A new era of cyberattacks has dawned upon us. Now, seemingly harmless everyday appliances like printers, digital video recorders, webcams, thermostats and routers are being utilized as minions in distributed-denial-of-service (DDoS) attacks against websites.
DDoS is an attack where a targeted website is flooded by an overwhelming amount of requests from millions of connected machines in order to bring it down. Traditionally, these attacks are launched from compromised computers and mobile gadgets collectively nicknamed "botnet."
However, recent DDoS attacks on a security blogger's website and French website host OVH reveal that now, it's not just computers that are being utilized as botnets - even Internet of Things (IoT) appliances are now fair game.
This means unsecured routers, printers, IP web cameras, DVRs, cable boxes, connected "smart" appliances such as Wi-Fi light bulbs and smart locks can be hijacked and involved in cyberattacks without the owner knowing about it. To remain unnoticed, compromised appliances could be sending out small trickles of data to make the attack discrete. Multiply that by millions and what you have is the perfect DDoS attack vector.
How serious is this? The recent attacks are reported to be the largest targeted DDoS attempts ever, with a sustained data stream of 620 Gbps and even reaching data rates of over a terabit per second, all accomplished by enslaving connected Internet of Things appliances via a trojan program infection.
Alarmingly, the source code for this smart appliance trojan program, named Mirai, has been published online for everyone to see. This means we will be seeing more of these attacks in the future and securing these connected appliances is as vital as ever.
Mirai is said to compromise about 380,000 connected appliances a day but thankfully, after the recent DDoS attacks, internet service providers have started to block infected devices and the rate of infections has started dropping.
One peculiar thing about smart appliance infections is that they clear out after a reboot because the malware only resides in temporary memory. To maintain a large botnet capable of launching a massive DDoS attack, hackers need to infect and reinfect new appliances every day.
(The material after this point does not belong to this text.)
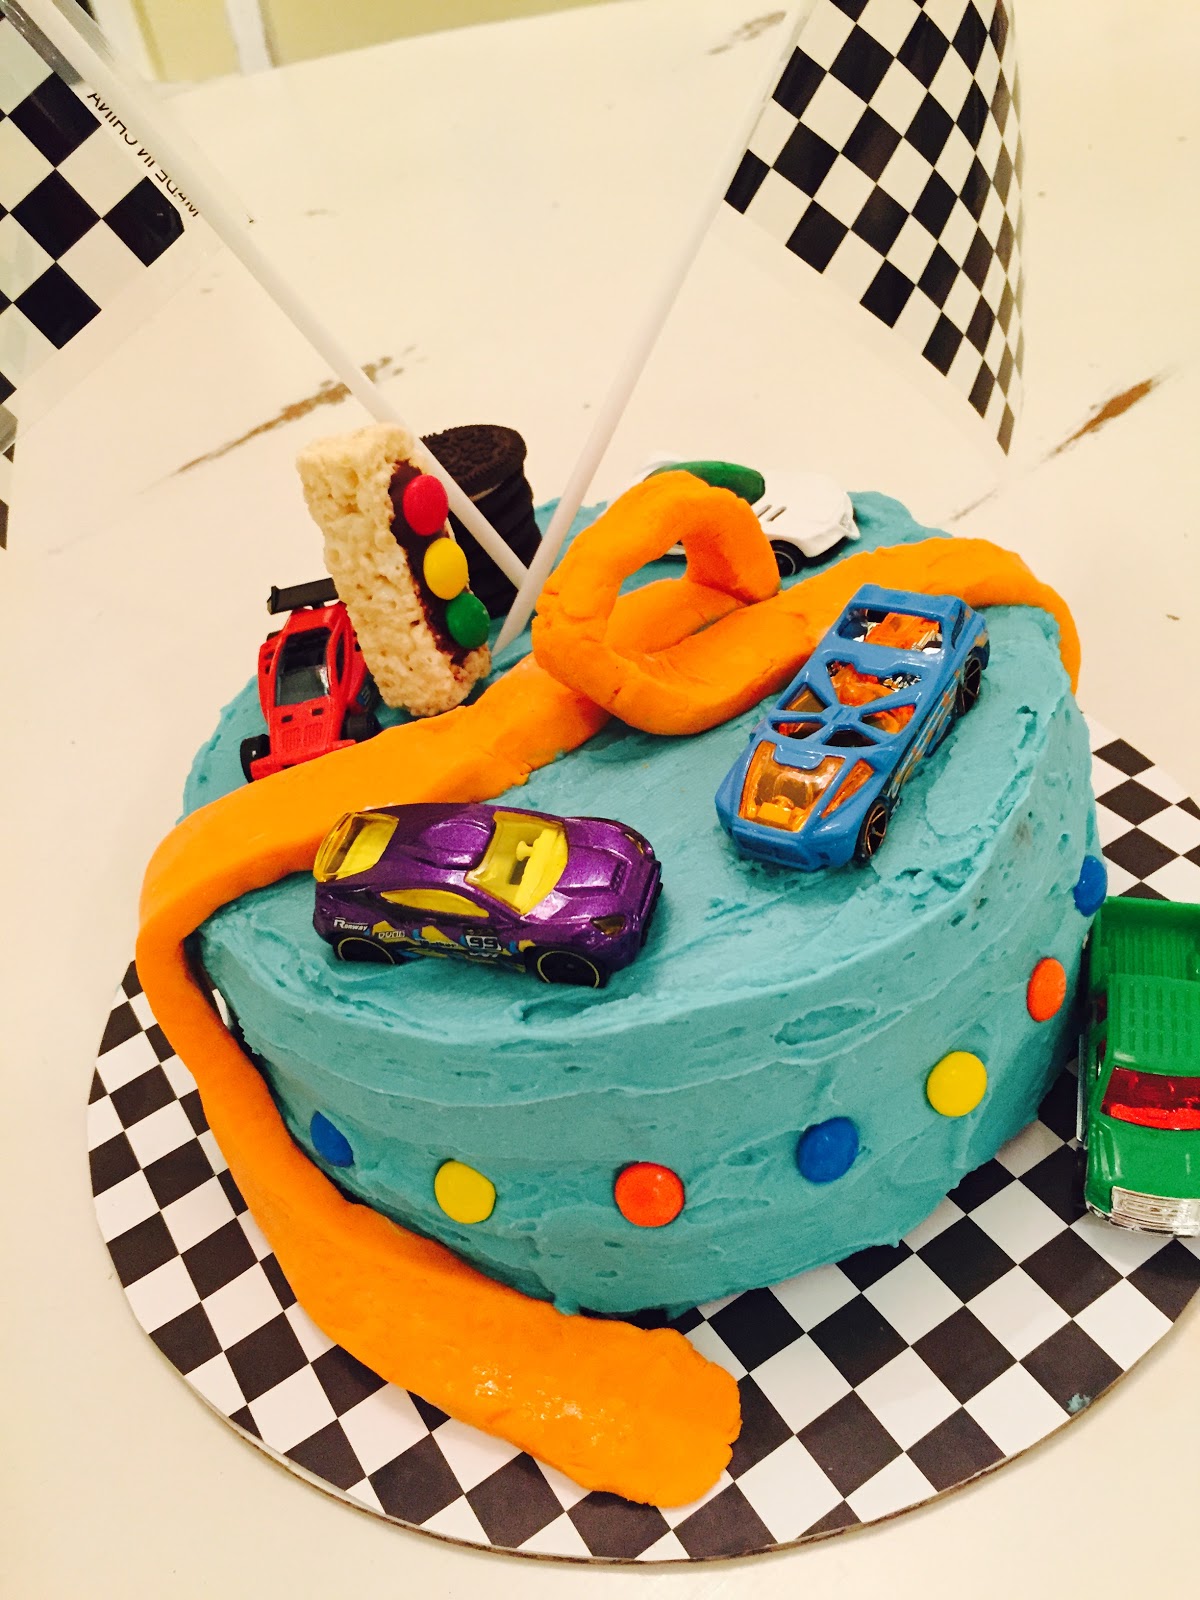 Hot wheels race track cake, The Style Sisters, Hot Wheels car cake

The common vector for these smart appliances is open public ports. These are used by Internet of Things appliances so they can be accessible away from home. Hackers usually scan for open and exploitable ports remotely and this is how they usually locate target appliances.
Another reason why these attacks are gaining popularity is due to the fact that consumers assume that these are merely plug-and-play appliances. Usually, we set them and forget them and security is an afterthought. These recent attacks have changed the game for consumers and manufacturers alike.
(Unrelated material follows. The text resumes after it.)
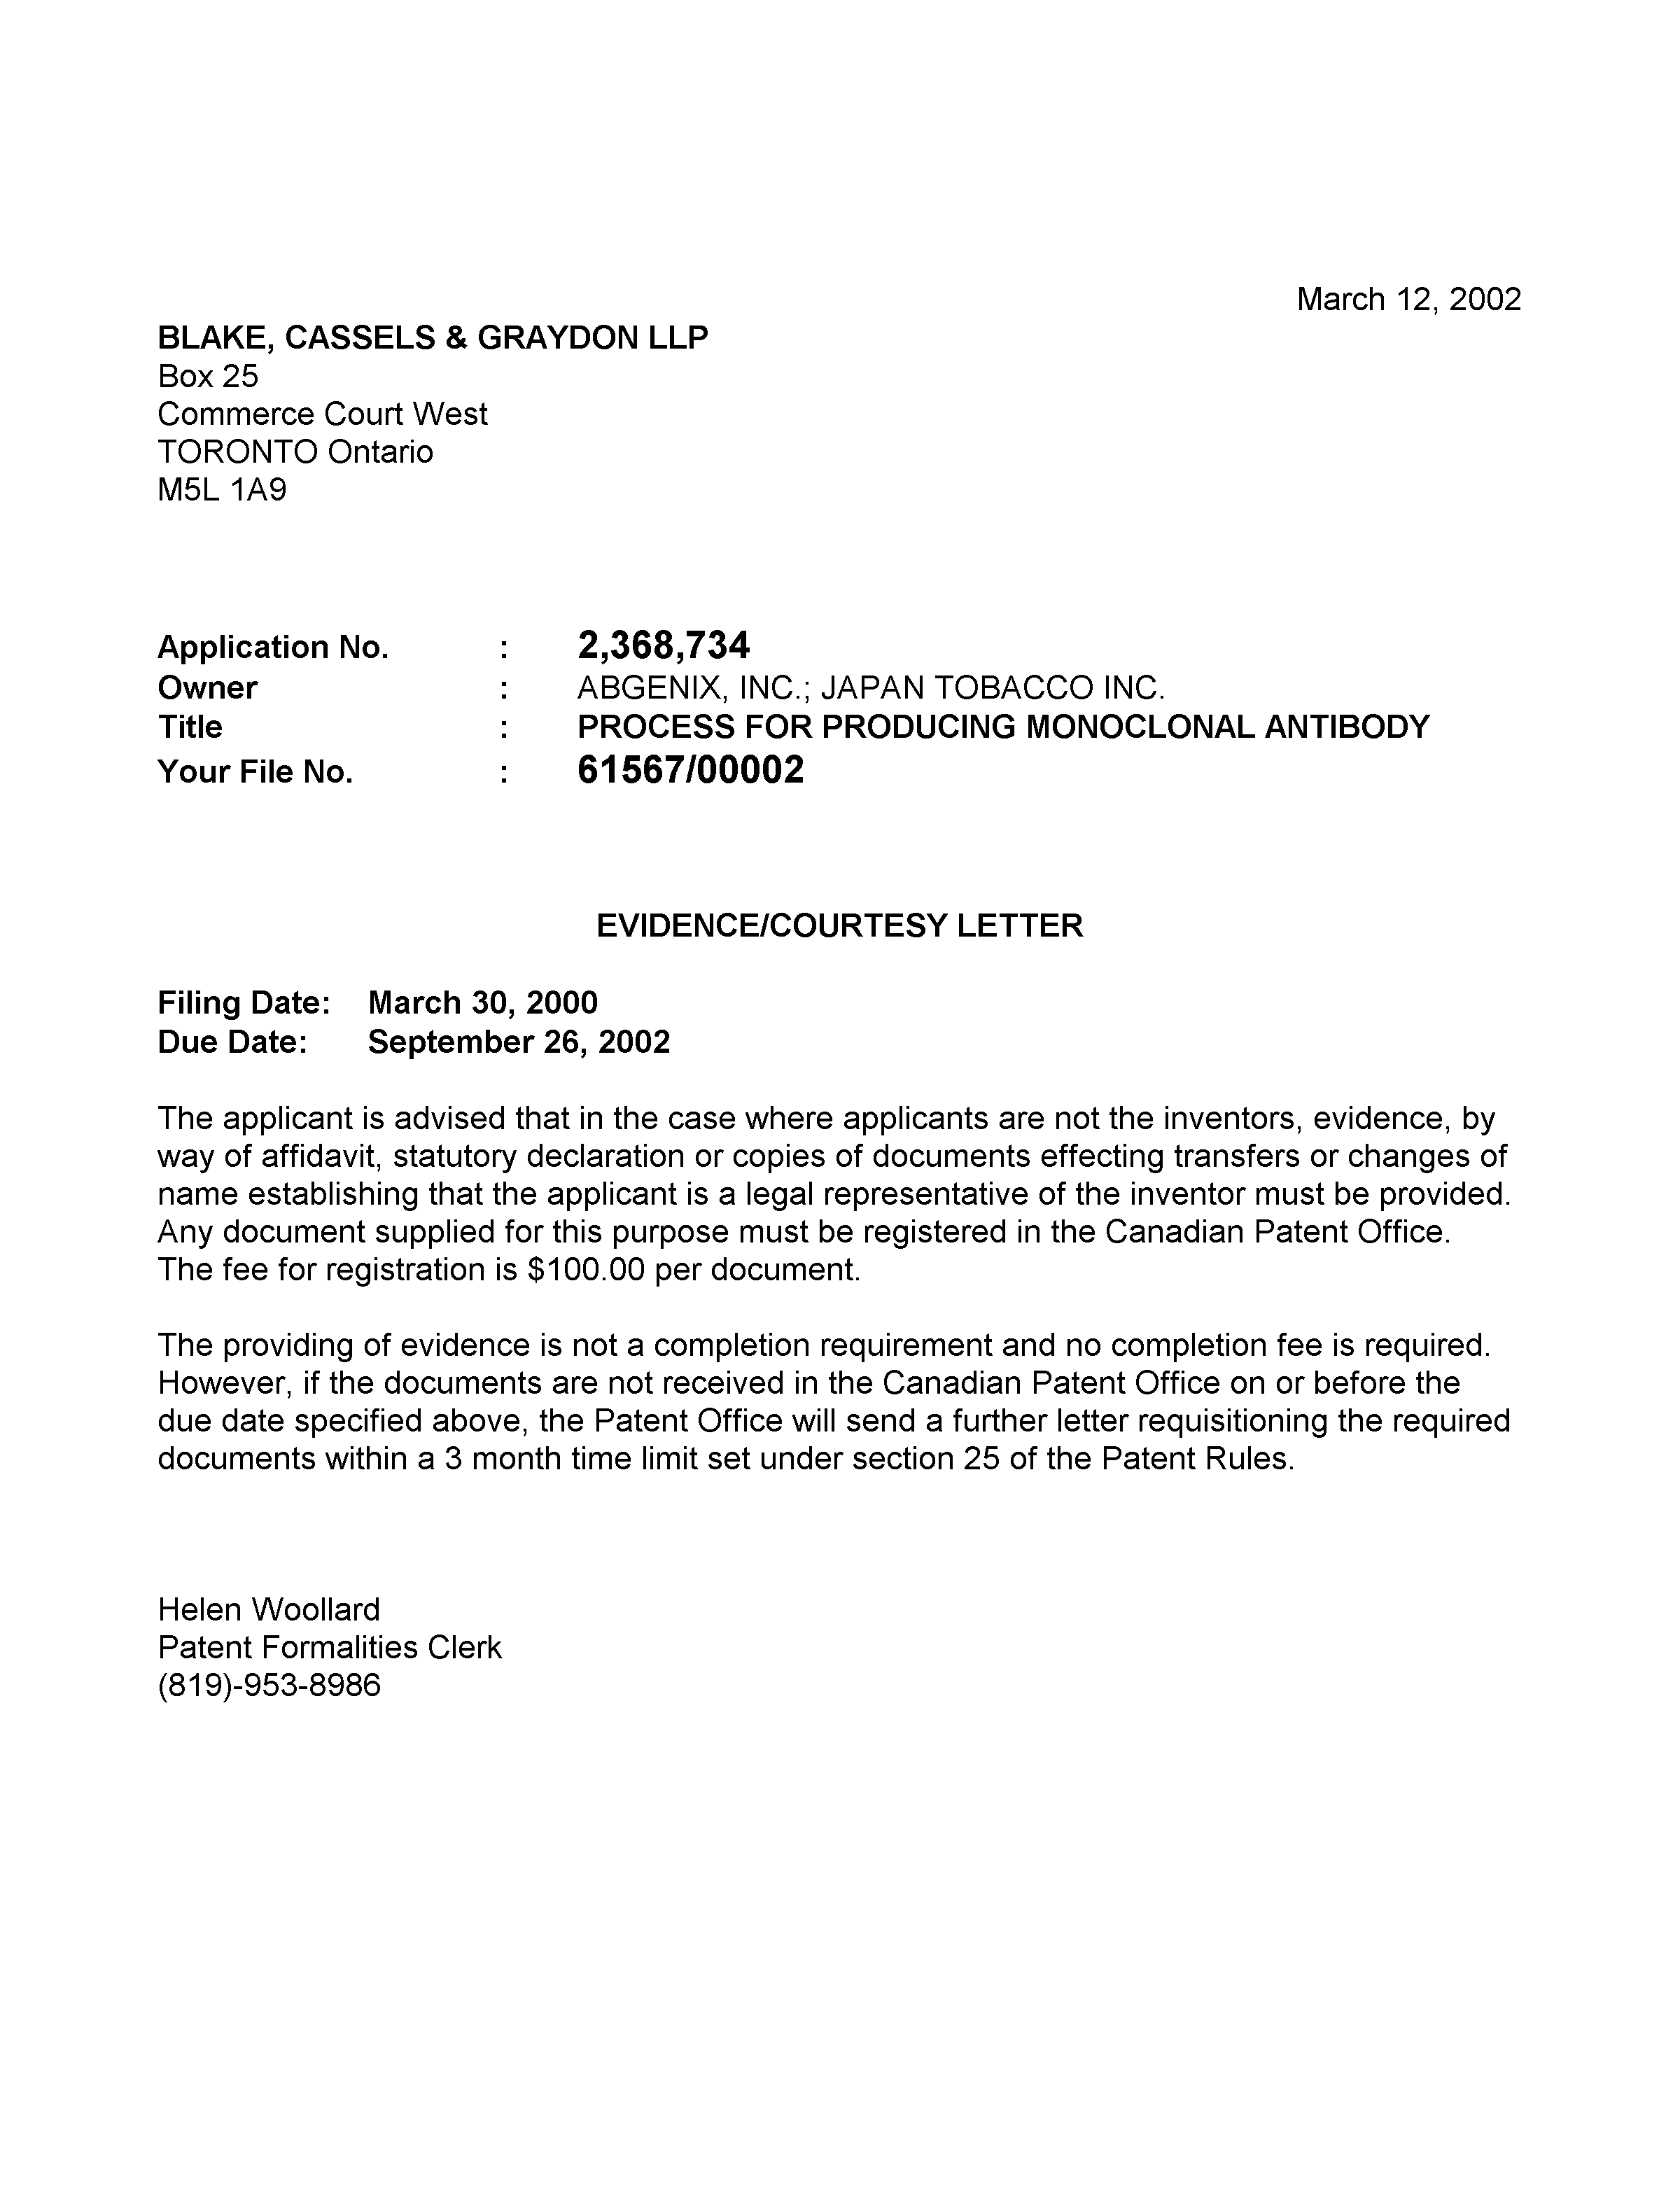 Canadian Patent Document 2368734. Correspondence 20020307. Image 1 of 1

How can you tell if your appliance is hacked?
As I mentioned earlier, these attacks were designed to have appliances like printers, routers, webcams, etc. to only transmit small amounts of data to aid in DDoS attacks so identifying which devices are compromised is tricky.
You may notice a slower than usual internet connection. Keep your eye out for unusual video or music streaming buffering or slow web browsing. You can also try a network analyzer like Fing to monitor your connected devices and open ports. Most routers have data packet analyzers and logs accessed by logging into the administrator page and checking if there are IP addresses that are transmitting unusual amounts of data.
Protect your appliances
Since these Internet of Things appliance infections only reside on temporary memory, the first thing you have to do is reboot the device to clear out the malware.
If you are checking your router, IP webcam or connected printer, it is important that you change the default administrator username and password. Do this by accessing the appliance's hub (usually through a web page or a smartphone app). If your smart appliance connects via the manufacturer's website, make sure your password for their site is complex and unique.
Next, check for firmware updates. Now, with these attacks out in the open, manufacturers will start issuing security patches to prevent such infections. It's important to keep your firmware always up to date. If your gadget does not automatically fetch firmware updates, make sure to manually check at least every three months.
Some routers have some firewall functionality too. In your router's administrator page, look for settings named "Disable Port Scan" and "Enable DoS Protection" and make sure you turn these on.
As evidenced by these recent attacks and techniques, in this increasingly connected world, it goes without saying the more our homes become "smarter," the more we have to be smarter about our homes.